Stage 2The Great SurrenderDay 35
A long-awaited child surrendered · 1 Samuel 1

Given back to the Lord

Hannah at the temple

Hannah had wept and prayed for a child through years of barrenness and the cruel taunting of a rival. Her longing was so deep that when she prayed in the temple, moving her lips without sound, the priest assumed she was drunk. And in that anguish she made a vow: if God would give her a son, she would give him back — set apart for the Lord's service all his life.

God heard. Samuel was born, and Hannah's empty arms were full at last. But she did not forget the vow. When the boy was weaned — barely three years old — she made the long journey back to the temple, and she left him there, the very child she had ached for, in the care of old Eli, to belong to the Lord.

What is astonishing is what she did next. Having handed over the one thing she had wanted most in the world, Hannah did not collapse in grief. She worshiped, and sang one of the great songs of Scripture. She had surrendered her treasure, and found that the Giver was even better than the gift.


For this child I prayed, and the LORD has given me my petition which I asked of him; therefore I have granted him to the LORD. As long as he lives he is granted to the LORD.

Hannah, leaving Samuel at the temple — 1 Samuel 1:27-28 (WEB)
The Invitation

Hold even your answered prayers with open hands, giving the gift back to the Giver who only ever lent it.


1 Chronicles 29:14

Who am I, and what is my people, that we should be able to offer so willingly after this sort? For all things come of you, and of your own have we given you.


The hardest things to surrender are the gifts we begged for, because once we have them they quietly become what we trust instead of God. The interior work is to remember that every gift is on loan — of your own have we given you — and to hold your treasures, even your miracles, with open hands, so the Giver stays better to you than the gift.

A Practice to Try

Name an answered prayer or cherished gift you have begun to clutch. This week, deliberately give it back to God in prayer — name it as his, on loan to you — and worship him as better than the gift.

Our disordered loves can turn a gift into an idol the moment it arrives, so the very answers we begged God for quietly become rivals to the One who gave them. Hannah held her miracle with open hands instead. All we ever return to God is what he first lent us — and a gift held loosely can never harden into a god.

The hardest things to surrender are the answered prayers — the very gifts we begged God for. Once we finally have them, they can quietly become the thing we trust instead of God, the treasure we would never lay back down. Hannah's greatness was that she held even her miracle with open hands, remembering the child was a gift on loan, not a possession to grip.
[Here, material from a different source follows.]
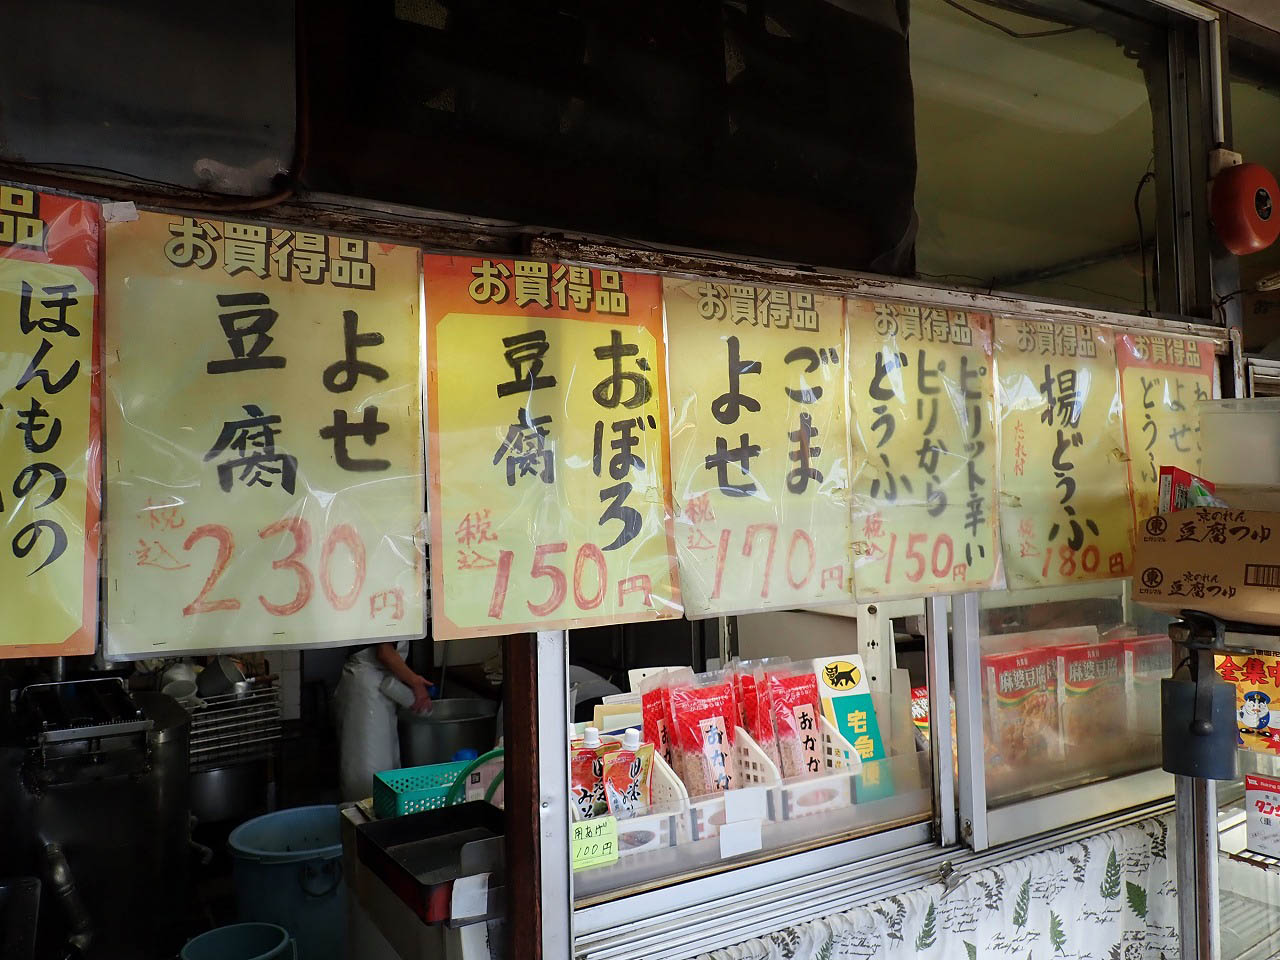 川越の美味しい豆腐屋さん『和泉屋豆腐店』

And notice: all we ever give God is what he first gave us. Of your own have we given you. The surrender of our gifts back to the Giver is not really loss; it is the recognition that they were always his. Is there an answered prayer you have begun to clutch — and could you, like Hannah, give it back to the Lord and still worship?

  1. What answered prayer have I begun to clutch as a possession?
  2. Do I treat my gifts as mine, or as God's on loan?
  3. Could I, like Hannah, give my treasure back and still worship?
A Prayer to Carry

Lord, all I have you first gave me. I give my gifts back into your hands, on loan from you, and I worship the Giver above the gift. Amen.